Air Quality Evaluation with a Low-cost Dust Sensor for a Hencoop

DOI: 10.18805/ag.D-158    | Article Id: D-158 | Page : 236-243
Citation :- Air Quality Evaluation with a Low-cost Dust Sensor for a Hencoop.Agricultural Science Digest.2019.(39):236-243
Abdullah Beyaz
Address :
Department of Agricultural Machinery and Technologies Engineering, 06110, Diskapi, Ankara, Turkey
Submitted Date : 7-05-2019
Accepted Date : 7-08-2019


A hygenic working environment is essential for human health. It includes environmental conditions like light, air flow, gasses, sound, and rubble. It became more important for agricultural indoor and outdoor applications. For example; the dust intensity in a hencoop sometimes negatively affects human and animal health as an environmental component.
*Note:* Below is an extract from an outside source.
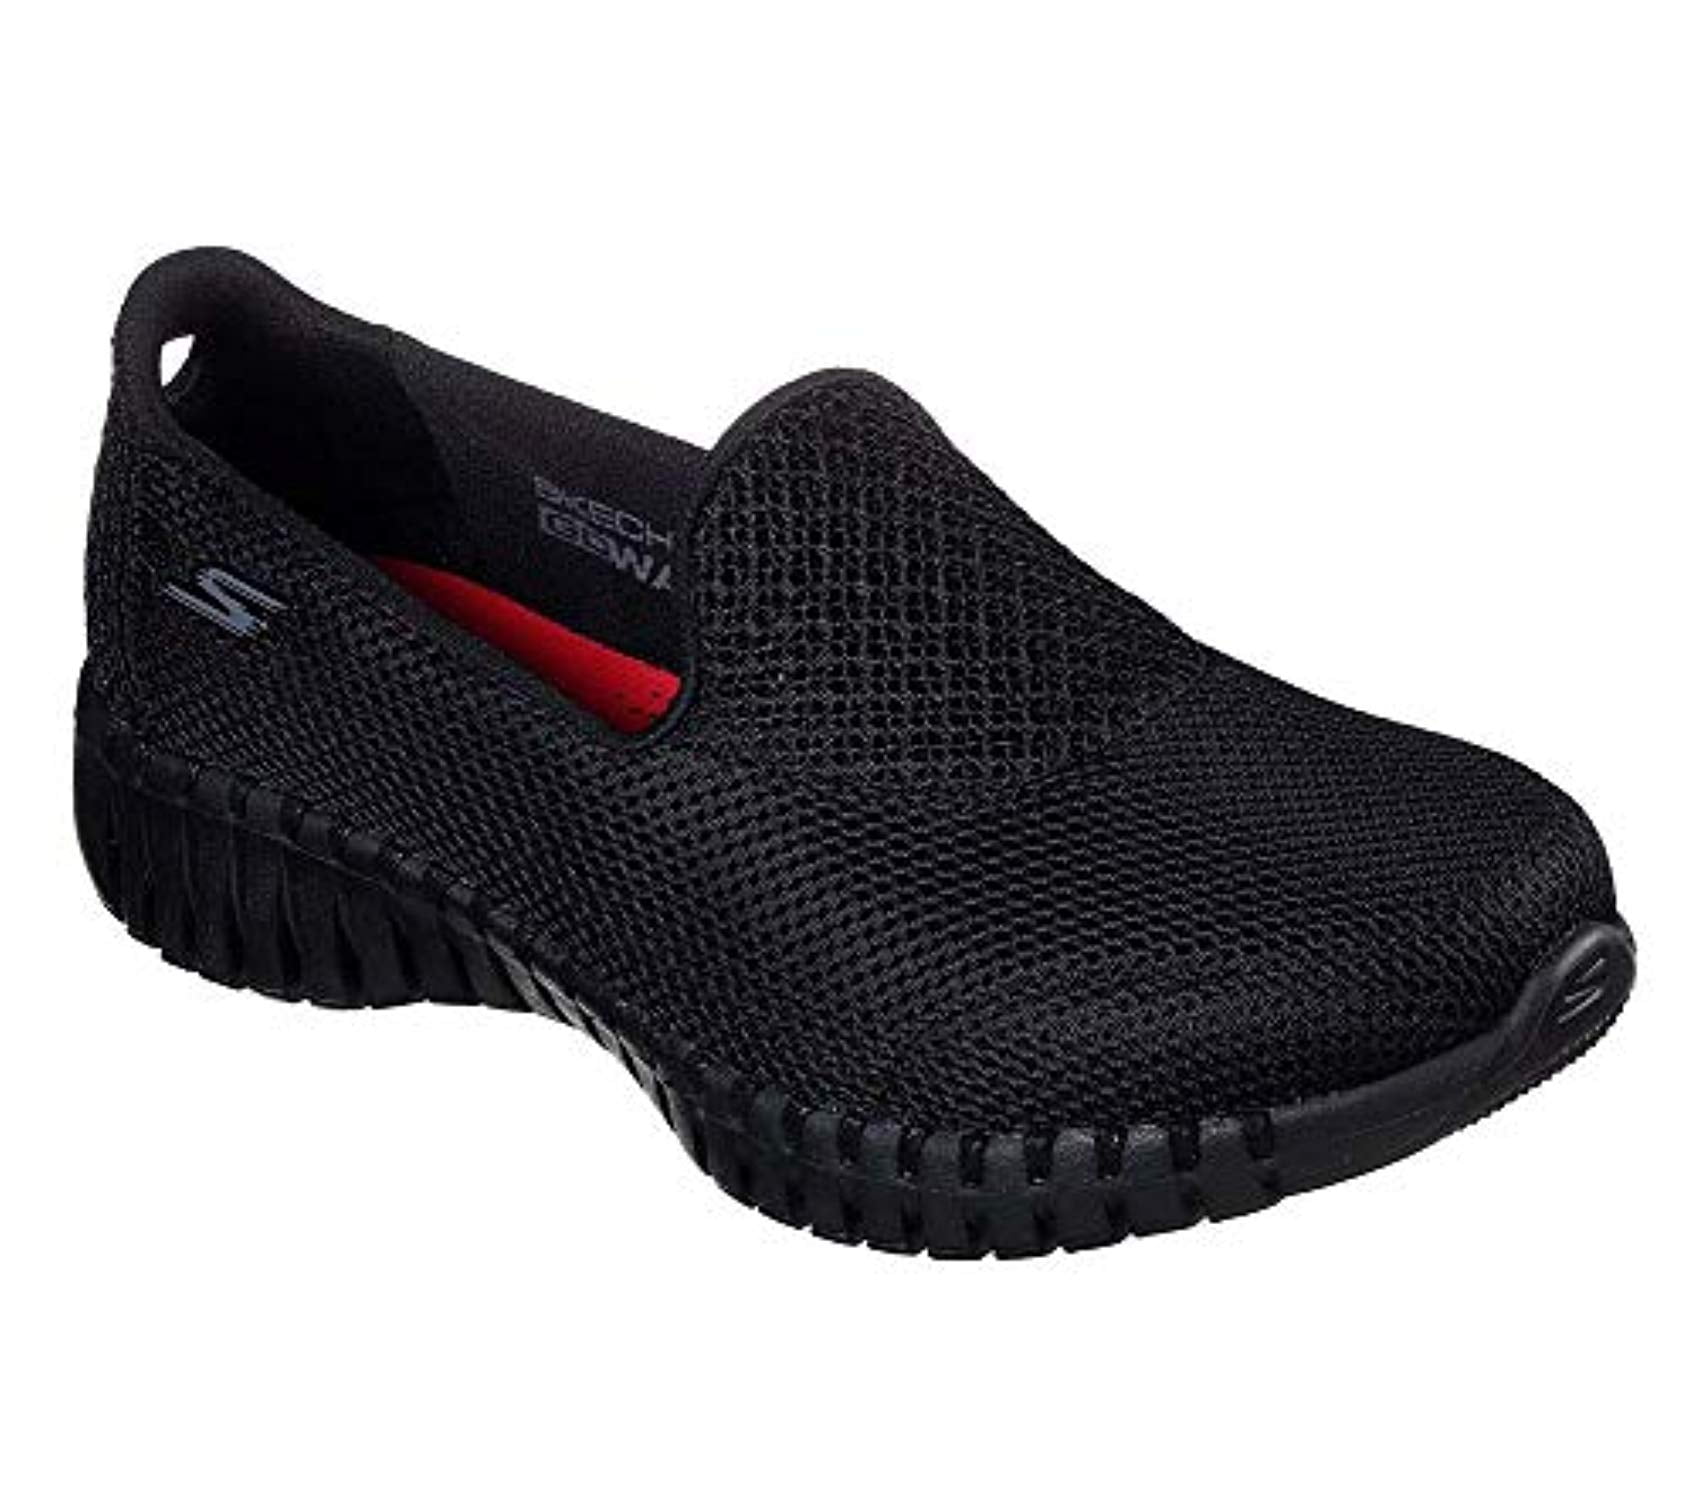 Skechers - Skechers Women's GO Walk Smart - 16700 Shoe, Black, 8 M US ...

On account of this ground, dust concentration measurement is crucial for agricultural indoor and outdoor applications. Because of this reason, the intensity of dust have been evaluated and analyzed in this research. For this purpose, a microcontroller based dust intensity measurement unit was developed. The dust intensity measurement unit contains an Arduino based development board and Sharp dust sensor.
Additionally, an SD card module and a Real-Time Clock (RTC) was utilized for a data logging operation. The addition of air stream, air filtering technique and dust removing machines can be qualified regarding the dust intensity or dust balance.


Animal health Arduino Dust analysis Dust sensor Hencoop Human health.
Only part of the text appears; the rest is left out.